The more that he penned
the calmer he got
as he tried to amend
and move on from this spot.

But at the very last line
with his pen in the margin
he tore it up as a sign
and he’d write it again.

____________________

Anger all gone now
he looked at the cross
and he knew then that somehow
He was sharing his loss.

He felt again whole
as he laid his pen down
he felt back in control
from a peace he’d now found.

Presently he turned again to his labours
leaving his writing and going back to his lathe
and as he looked over at one of his neighbours
he thought of his son on a cross being brave.

Who’d not spoken of God
or of angels with wings
but of the land and the sod
and of bread, fish and things.

Ah the mysteries of life
are such a matter of faith
she was Joseph’s wife
But ’twas God kept her safe.

©Joe Wilson – He looked at the cross…2014

This is a sort of fantasia on Joseph’s story

The Family Silver Sale Or The Stafford Hospital Lament…

I didn’t realise. I was a fool
Just another government tool
Beavering away, working hard
Until I got the pensioner’s card.

And now my ancient bones all ache
I’ll need NHS for my health’s sake
But a third of contracts in sickness’ fray
Like my local hospital, they were given away.

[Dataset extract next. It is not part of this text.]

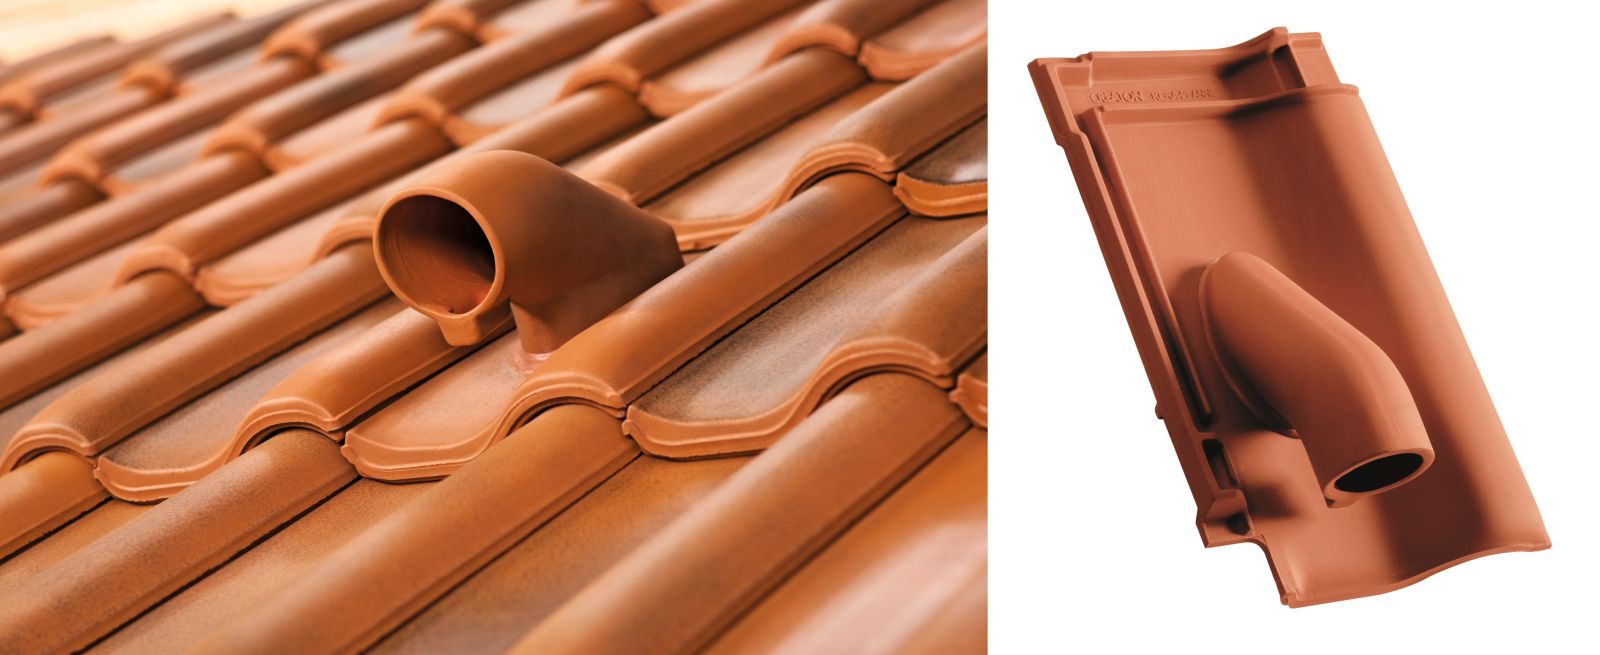 Ceramiczna dachówka solarna pasuje do dachówki podstawowej – każdy model ma swoją uzupełniającą dachówkę przelotową, o identycznym wzorze, kolorze, wykończeniu i trwałości (fot. CREATON)

People’s views all treated with disdain
The Health Service reeling from such internal pain
While the wealthy go private, it’s simple for them
The ire of voters won’t be so easy to stem.

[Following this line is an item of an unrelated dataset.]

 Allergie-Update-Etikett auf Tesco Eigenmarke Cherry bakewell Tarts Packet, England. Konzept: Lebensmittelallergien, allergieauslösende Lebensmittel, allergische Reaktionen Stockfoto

©Joe Wilson – The Family Silver Sale or The Stafford Hospital Lament… 2014

Self-made Armageddon…

And the days were spent in wonder
at all the horrors He’d seen
He sent unholy flooding and chaos
To wash the planet clean.

To see if change was ever made
He waited then two thousand years
But horror still was all around
And what He saw proved all His fears.

Can man not recognise his fate
can he not see when he is wrong
can man not see of His design
that words like peace and love mean strong.

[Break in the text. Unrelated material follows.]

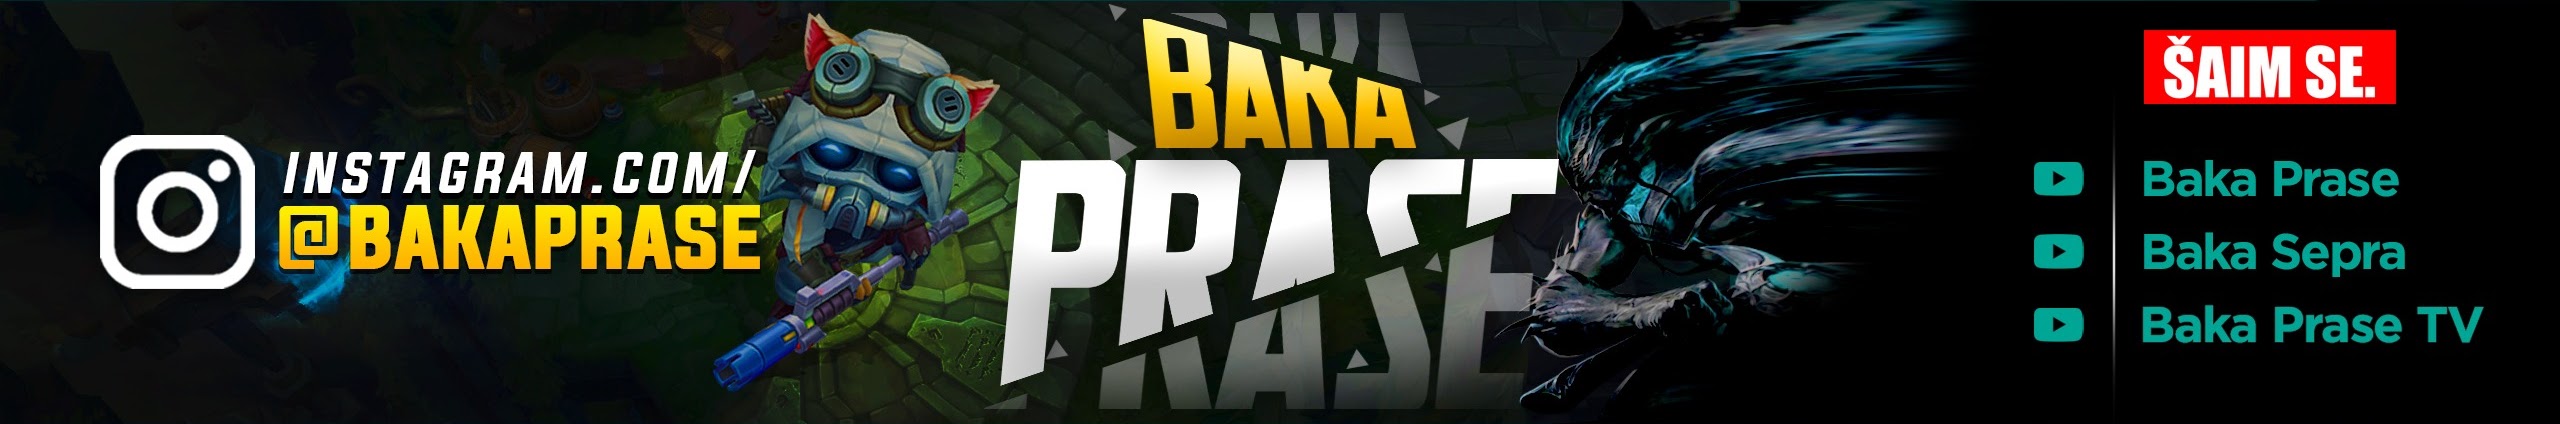 Baka Prase - On BiH Link

The fiery pits that destroy our Earth
aren’t in the depths of Hell
they’ll be the fire and cordite
of that last exploding shell!!

©Joe Wilson – Self-made Armageddon… 2014

A tiny tear…

 

 A tiny tear falls from my eye

For each and every death

Another suicide bomb goes off

And snuffs out human breath.

 

They blow themselves for principles

That we don’t understand

If they are right —if we are right

It still means blood-stained land.

 

For pity’s sake each life that’s lost

Just hardens attitudes against

We have to talk to stop their deaths

And negotiate without constraints.

 

Each innocent life that gets destroyed

Is a wasted friend or lover

A murdered mother or father

Or a dead sister or brother.

 

This surely cannot go on forever…

 

©Joe Wilson – A tiny tear…2014

 

The slaughtered…

I could not

 

Whoever would fire a bullet?
I ask as I’m surely confused
Who on Earth would want to shatter
All that beauty that Nature has fused!

Who sits in a hide away from the light
Waiting for the deer to call
They don’t need the meat, that’s not the treat
It’s the head and the points on the wall!

Tribesmen in ‘less civilised’ countries
Might hunt down just such a deer
Then they pray for the soul of the slaughtered
For life-saving food from a beast they revere!

Not for them the revulsion of trophies
They only kill what they need
But in our ‘so civilised’ society
We can kill just for pleasure or greed.

There is something not right in society
Where solutions come from a gun
Weapons should be just for protection
They should never be used for such ‘fun’.

“Please do not be offended by my reference to a ‘less civilised’ society. I refer only to a lack of modernity and in actuality we are the far more crudely behaved frequently” Joe Wilson 2014

 

©Joe Wilson – The slaughtered… 2014

The inhumanity of it all…

After the dark shall cometh the light
Exploded into by man’s devilish slight
To ruin the land and dominate all
The Earth falls into a deathly pall.

Sides will get taken along the way
The poor of learning will never get a say
The rich and clever will make the rules
History shows the poor are their tools.

A poor woman begs for work or bread
Her very rich neighbour kicks her in the head
And laws are passed to keep them down
And hidden from view on behalf of the crown.

Arguments start and war then breaks out
That guileless citizens know nothing about
But involved they become as their faith is then tested
Forced into arms for the thoughts they’ve invested.

Only a minority will claim they’re the proudest
But they have the guns and their voice is the loudest
We get swept along and get hurt on the way
Young children in war games with no time for play.

After the dark shall cometh the light
Exploded into by man’s devilish slight
He ruins the land and dominates all
As Earth now descends into it’s deathly pall.

©Joe Wilson – The inhumanity of it all… 2014

Crisis point…

Bruised by life one picks up one’s battered self
prepares to carry on into the next belligerence
and stoically turns to face the world
with all its beauty, yet too, horror and indifference.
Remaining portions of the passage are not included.